TRUE MEMOIRS OF AN INTERNATIONAL ASSASSIN Review
Director: Jeff Wadlow
Genre: Comedy, Action
I’ve been chronicling the Netflix rebirth of Adam Sandler on Crossfader for almost a year now. Combined with my personal hobby of watching Sandler’s entire filmography, I’ve become quite steeped in the canon of the Sandman. One defining trait of a Happy Madison production is that it will either star Sandler himself, or one of his close confederates, a close-knit cabal that includes Rob Schneider, David Spade, Luis Guzman, Nick Swardson, and, of course, Kevin James. When I went into TRUE MEMOIRS OF AN INTERNATIONAL ASSASSIN, a Netflix production starring one of the Sandcastle’s elite, I instantly assumed it would be yet another deplorable stint from Sandler’s deal with the streaming giant. Yet to my simultaneous disappointment and amazement, MEMOIRS is a different beast entirely.
James stars as meek and mild Sam, an eBook author whose titular novella is falsely marketed by a shady publisher as an autobiography. Consequently mistaken for an actual secret agent, Sam is kidnapped by Venezuelan guerrillas and tasked with assassinating that nation’s president (Kim Coates). Shadowed by a rebel fighter (Maurice Compte) and a DEA agent (Zulay Henao), Sam must keep up appearances while attempting to weasel out of the situation he’s found himself in.
PAUL BLART 3 takes edgy reboots to a new level…
What is immediately noticeable upon starting MEMOIRS is how… competent it is. This is a Kevin James vehicle, and while the man is oceans away from being considered a failure, he has made a name for himself starring in a lot of shit. But MEMOIRS is closer to SPY than it is to PAUL BLART, with a script that feels like it was written by humans and action that is better than anything seen in JACK REACHER. It’s almost unnerving that Kevin James is present in something that is so willfully inoffensive while also somewhat entertaining.
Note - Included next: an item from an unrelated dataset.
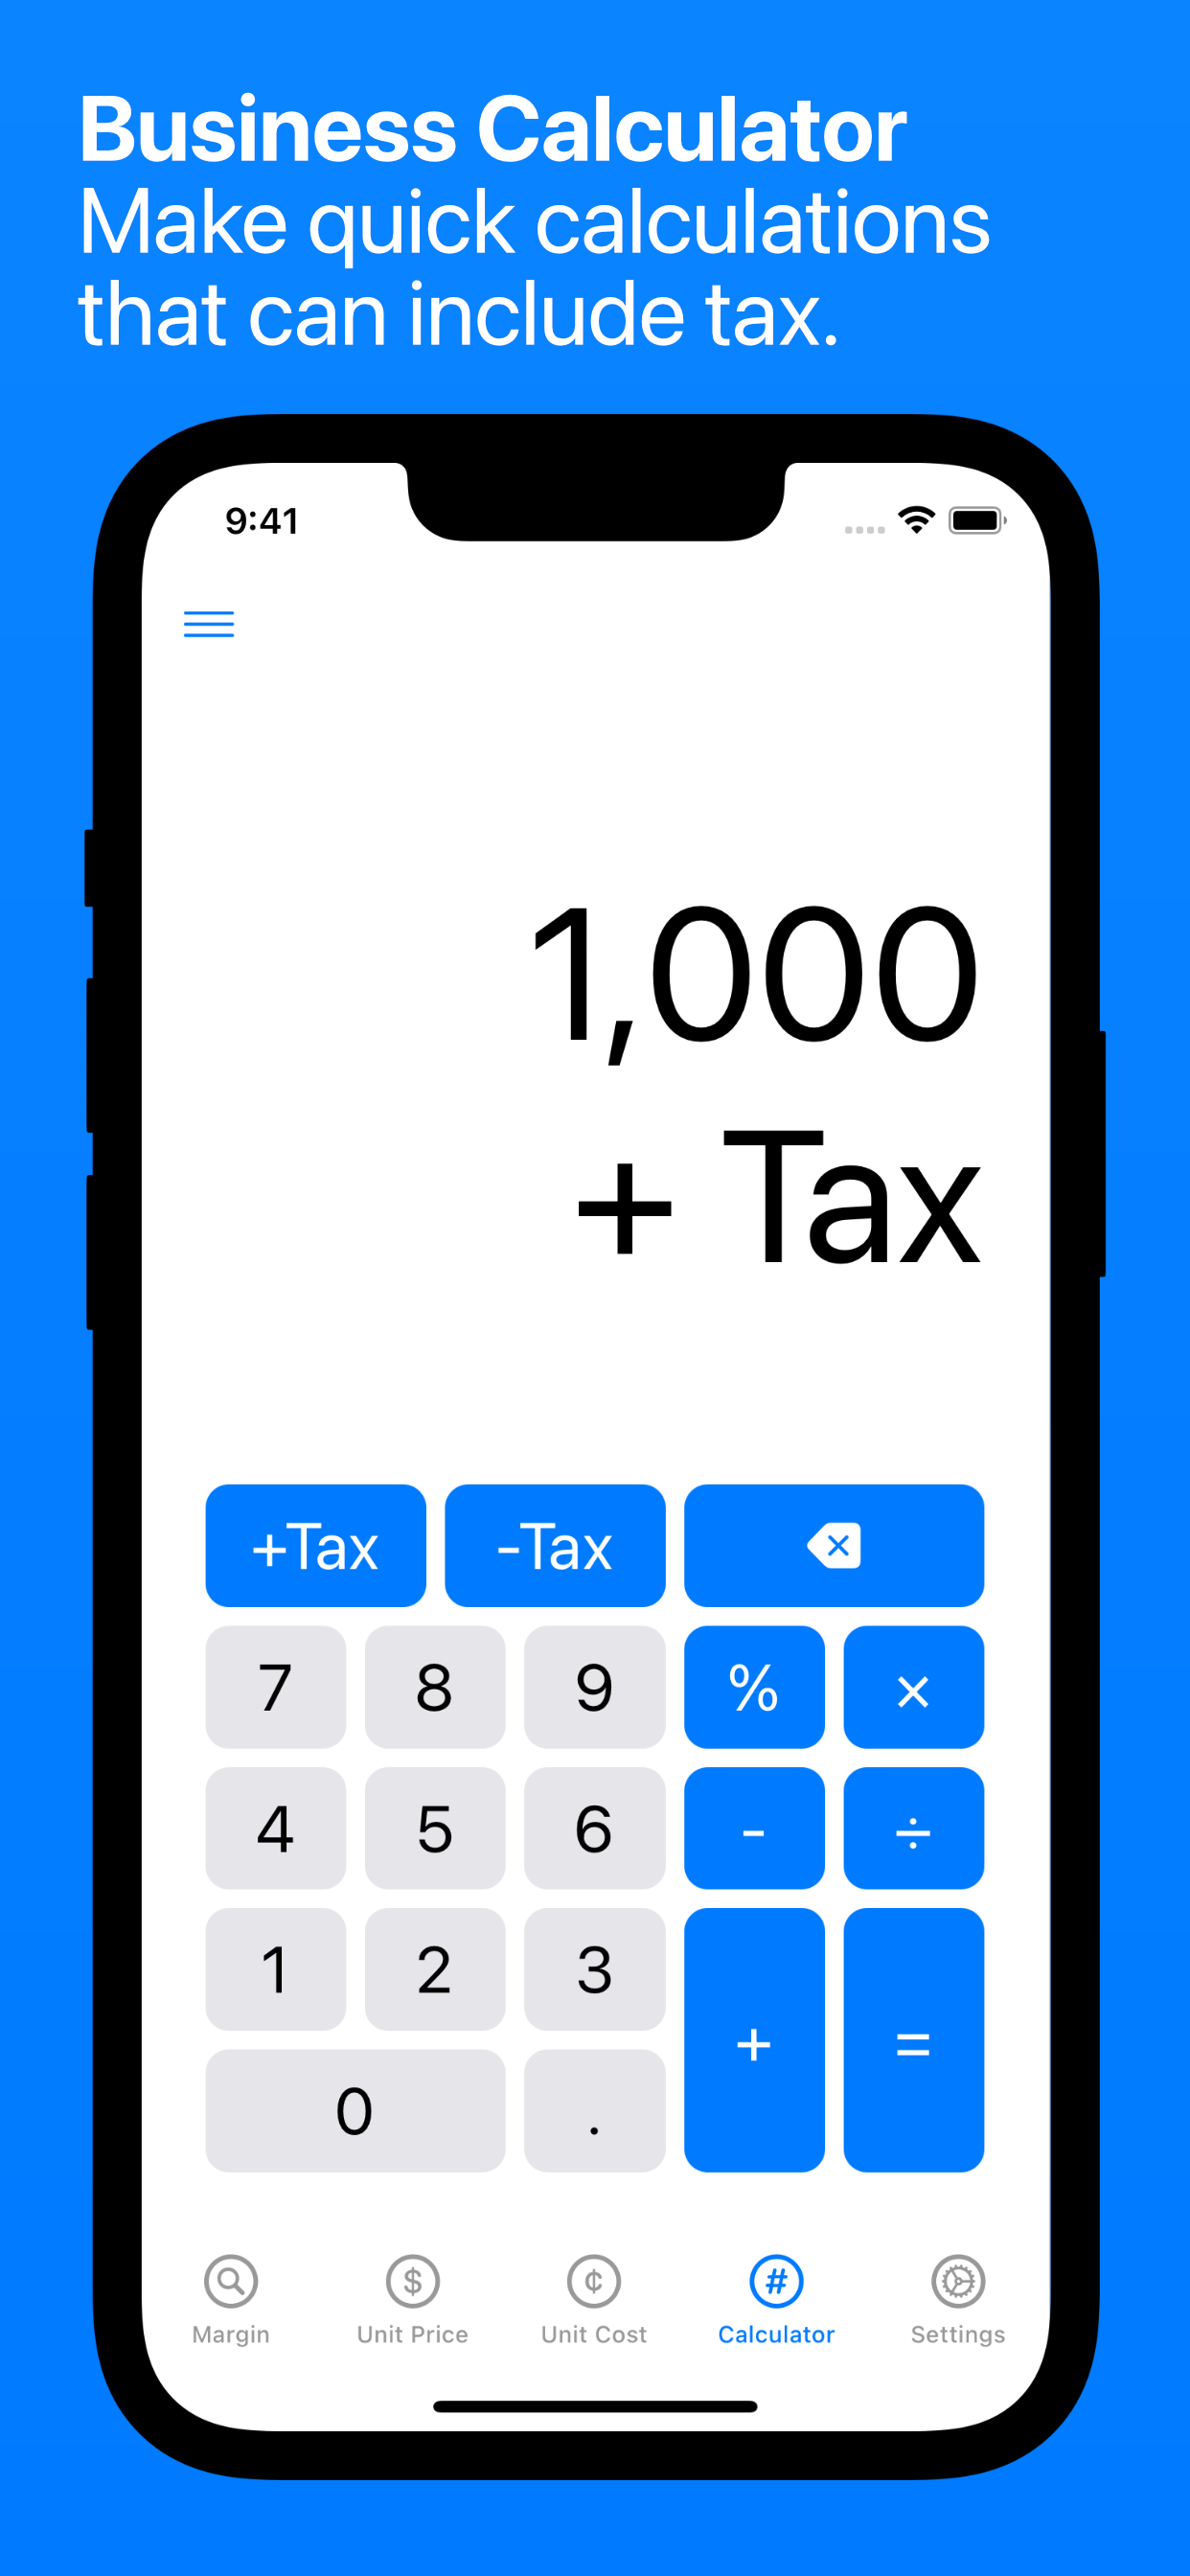 Business Calculator on iPhone

“Somewhat” is the key word though. MEMOIRS is fine, but it’s not great. The plot never surprises, the jokes never shock, and as is the case with so many films these days, the best parts are all in the trailers. Supporting performances from Compte and Henao are bland, and their arcs are completely forgettable. And for all the buildup of Caracas as “the most dangerous city in the world,” most of the sets are empty, lifeless backlots. Capable camerawork and snazzy CG transitions aside, most of MEMOIRS’s milieu fades into a grey, intangible fog. The production value exists at only the minimum levels required to frame a film around Kevin James.
Kevin can’t wait to get out of this one
The question that remains, then, is why Kevin James was cast in such a safe film. Sure, James is the “family friendly” option of the Sandler revue, but this is still the same guy who signed on to be called a quadrisexual paper faggot by the Sandman himself. James has built a brand off of setting himself up for easy fat jokes and similarly sophomoric humor, so a film so devoid of any such frivolities, no matter how tame, can only be categorized as an attempt to “reinvent” James, much like MEN, WOMEN & CHILDREN tried to do for Sandler. But why? Of the entire Happy Madison crew, James has enjoyed the most success, the widest popularity, and the longest-lasting relevance. He is just as powerful as an individual figure as he is a member of that dark conclave. Where Spade, Schneider, and Sandler continuously find themselves in the realm of public distaste, James has been able to coast along quite comfortably for a few decades now.
MEMOIRS’s struggle to establish a cohesive identity is a vicious cycle. What was likely once a very compelling pitch was retooled to give Hollywood celebrity Kevin James a new platform to present himself on. James, in turn, delivers a remarkably solid performance for a decidedly unremarkable role, forcing the rest of the (already gutted) film to pick up the slack. With both halves of the same project looking to the other to carry the day, you’re left with one very forgettable film.
TRUE MEMOIRS OF AN INTERNATIONAL ASSASSIN provides one of the strangest challenges I’ve faced as a critic. Very much a construct assembled around lead man Kevin James, it’s not what I typically associate Kevin with (read: anathema to the soul). Instead, MEMOIRS delivers a Kevin James that nobody expected, nobody recognizes, and frankly, nobody wants. On one hand, you have a clever script that desperately wants to be associated with Kevin James, and on the other, you have a Kevin James that desperately wants to be associated with a clever script. Like two ships passing in the night, however, neither of these wishes are fulfilled, leaving the audience with a well-intentioned, yet nonetheless inconsequential, film.